Germany and Switzerland have long been famous for exporting cars, machinery and chemicals to all parts of the world. They are now becoming well-known as exporters of their dual education model.
Dual education combines on-the-job training with further formal education past high school. Apprenticeships have a long tradition in German-speaking countries, going back to medieval times.
Such apprenticeships have contributed to an educated workforce and enviable low youth unemployment rates. The average youth unemployment for Switzerland in the past two decades stands at just 3.4%.
No wonder other countries, including the US and the UK, are importing the dual education model.
There is a problem, though: To be an attractive proposition, young adults need to perceive apprenticeships as an ambitious pathway into employment. This makes it hard to introduce dual education in places with no historical and cultural grounding in it – or against the current global drive toward academisation.
For many years, the OECD has been pushing its member countries toward increasing the share of tertiary graduates. Achieving higher numbers of university graduates was a hallmark of progress. Lifting the number of graduates would signal greater education equality and increase productivity, the experts hoped.
As it turns out, it is not that straightforward. To begin with, not all university degrees are created equal. At least not when it comes to employment prospects. Degrees in media studies, gender studies or art history may require great intellectual curiosity and offer fascinating insights. However, they often fail to lead to good jobs while young people are saddled with student debt running into the tens of thousands of dollars.
According to PayScale, a company that collects and analyses wage data, bachelor’s degrees for education and fine arts attract average salaries of just $52k in New Zealand whereas a bachelor of engineering would earn $72k per year on average.
Even that presupposes enough jobs are floating around for all those graduates from courses with limited demand in the world outside academia. If those two-and-a-half places for Egyptologists in the economy are already filled, then even a PhD in the field will not help graduates much to earn a living.
As the joke goes: What does the unemployed art historian say to the employed art historian? “Can I have another pint, please?”
Needless to say, many vocational jobs pay much better than some jobs university graduates can aspire to. Think about it the next time you get an invoice from your plumber, electrician or joiner.

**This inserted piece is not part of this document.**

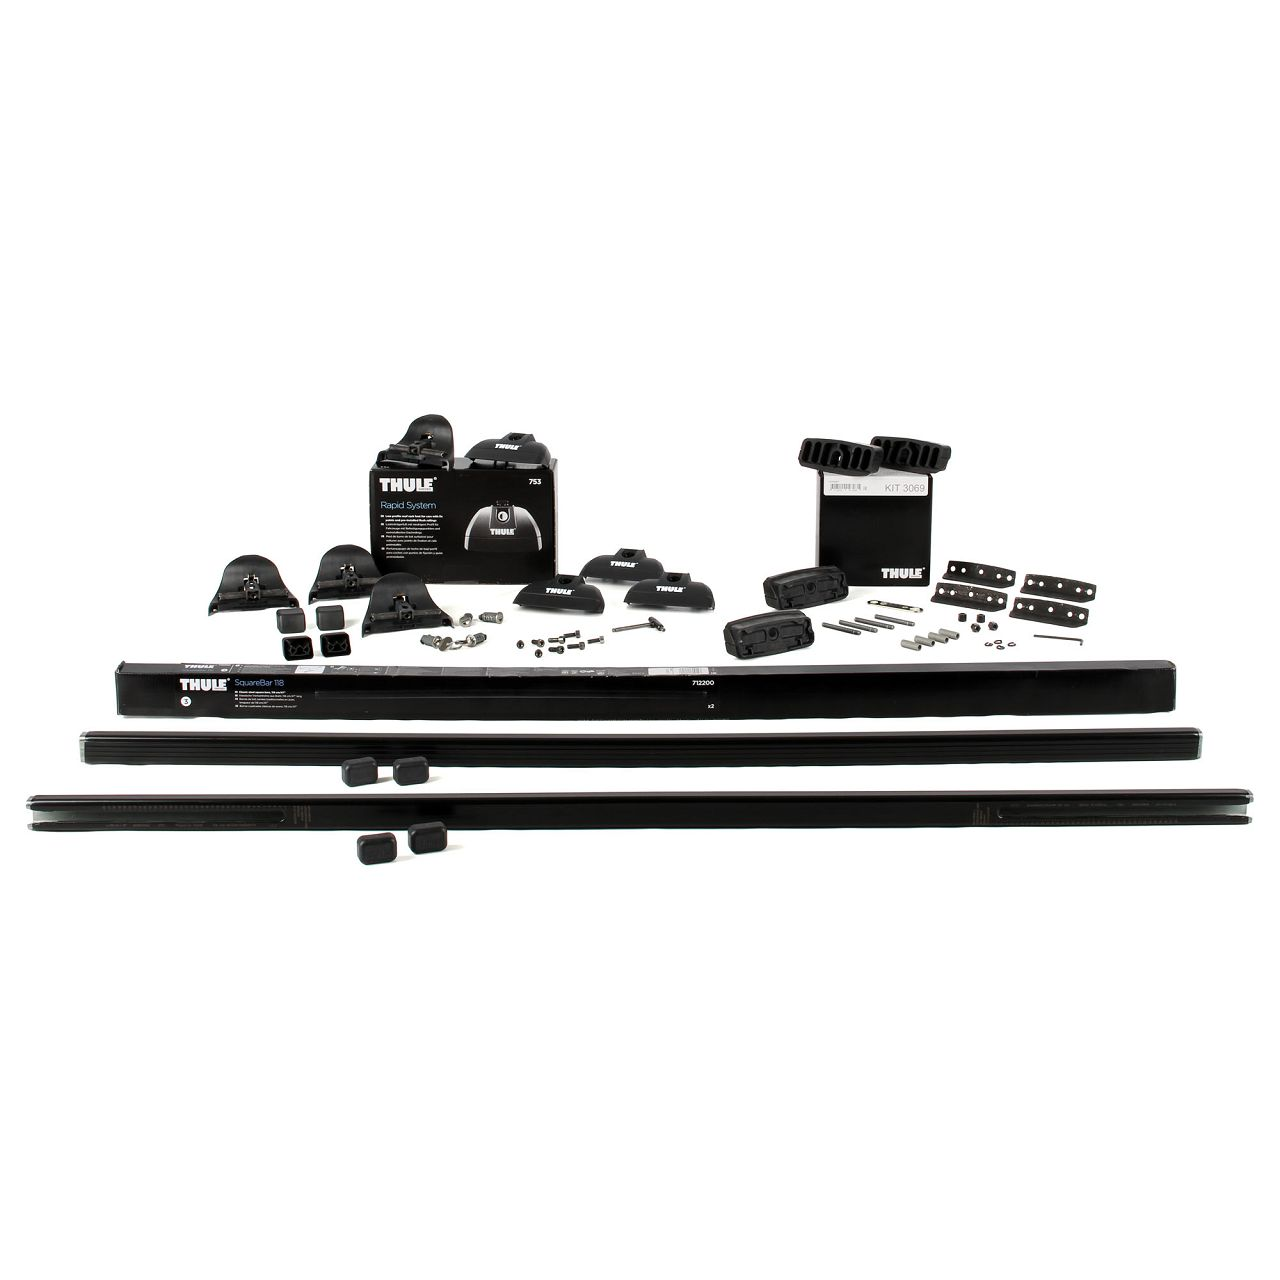 THULE Grundträger Dachträger + Fußsatz + Montagesatz 712 + 753 + 3069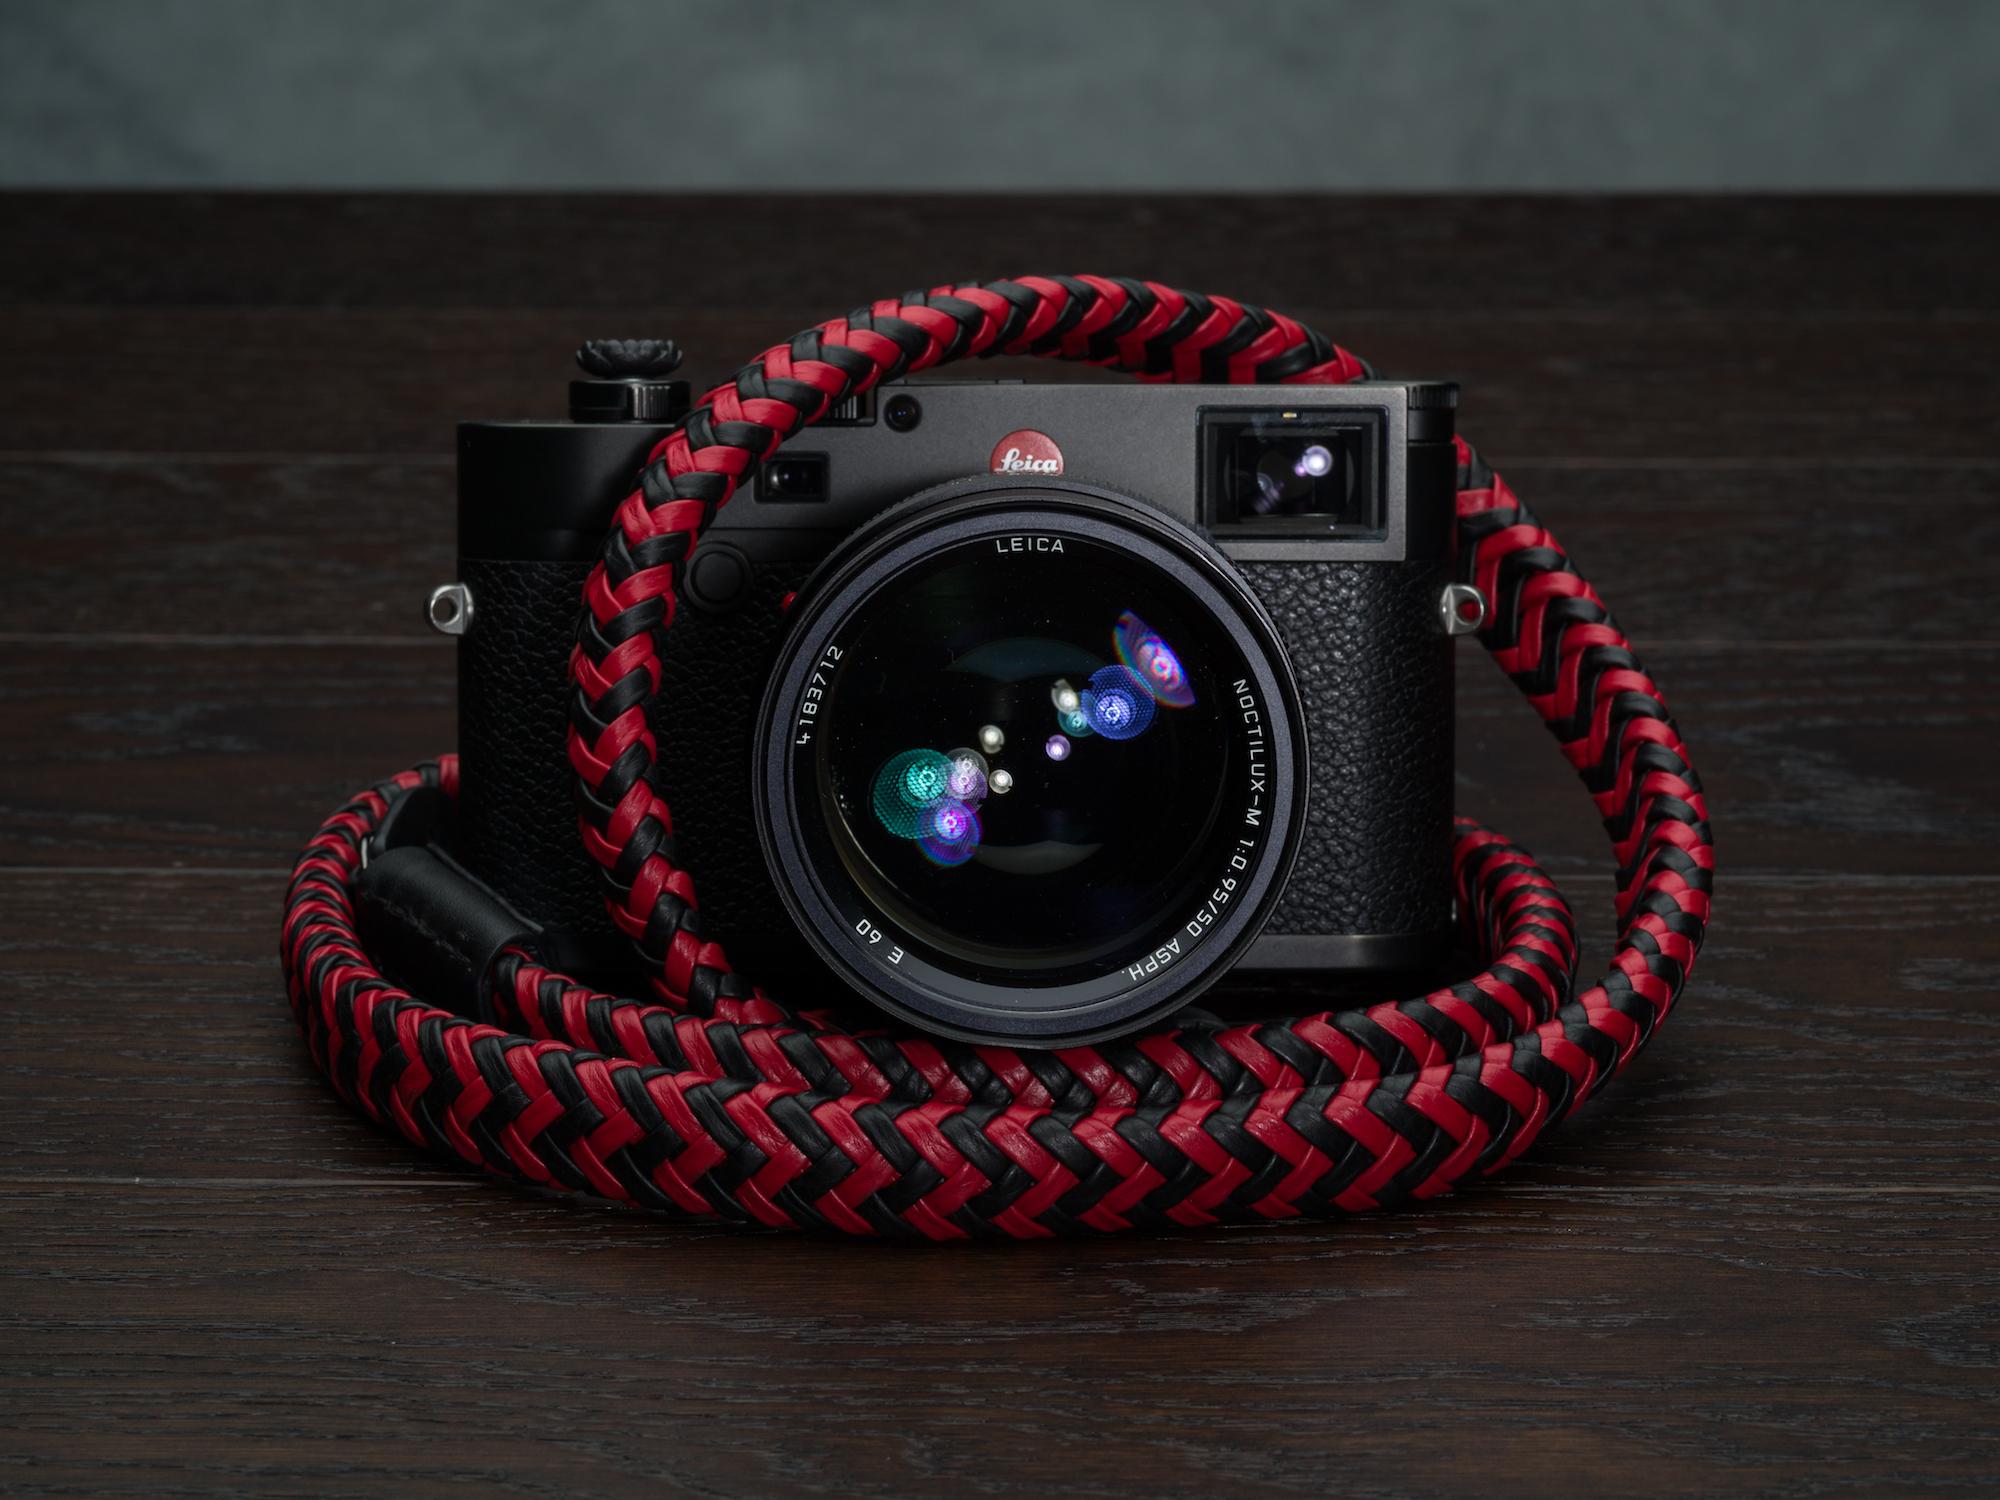 Vi Vante Matador Phoenix Braided Luxury Leather Camera Strap Leica M10 Noctilux 3.jpg

Unfortunately, many young New Zealanders are realising too late that university was not meant for them either because their degrees turned out lacking in use value or because their talents could have been better deployed elsewhere. This explains why the average age of our apprentices is in the mid-20s. It is a spectacular waste of resources to see young people spend their best and most formative years gaining an education that turns out to be the wrong course.
Countries with established dual education systems tell a different story. There, it is perfectly acceptable to go straight from school into apprenticeships, which are established and well-regarded. No school leaver has to justify choosing an apprenticeship.
Besides, in dual education countries no apprentice regards the apprenticeship as the end of the road. The vast flexibility built into Germany’s and Switzerland’s education landscape facilitates further study and genuine life-long learning. For example, a student can apprentice as a medical-technical assistant, work in the field, do a medical degree later, and maybe even do a PhD.
However, none of this can work if we continue to think of apprenticeships as something less ambitious, less prestigious, and only a career of last resort. If that is our thinking, we should not even begin to consider emulating the dual education model.
The crucial prerequisite for a good apprenticeships system is equality of esteem. The graduate of an apprenticeship should enjoy the same respect a university graduate does. The master builder should be just as proud as the MBA graduate.
It starts with changing the vertical hierarchy of achievement diagrams we show school students. Ours have doctorates at the top of the pyramid and other degrees below. In Switzerland, meanwhile, both vocational training and university education are shown at the same horizontal level (see diagram). Would anyone in New Zealand draw our own system with a similar equality of esteem? Hardly.
Education Minister Chris Hipkins has started a radical shake-up of New Zealand’s polytech and industry training landscape. But first we need a conversation about making apprenticeships a career of first choice and according them with the respect they deserve.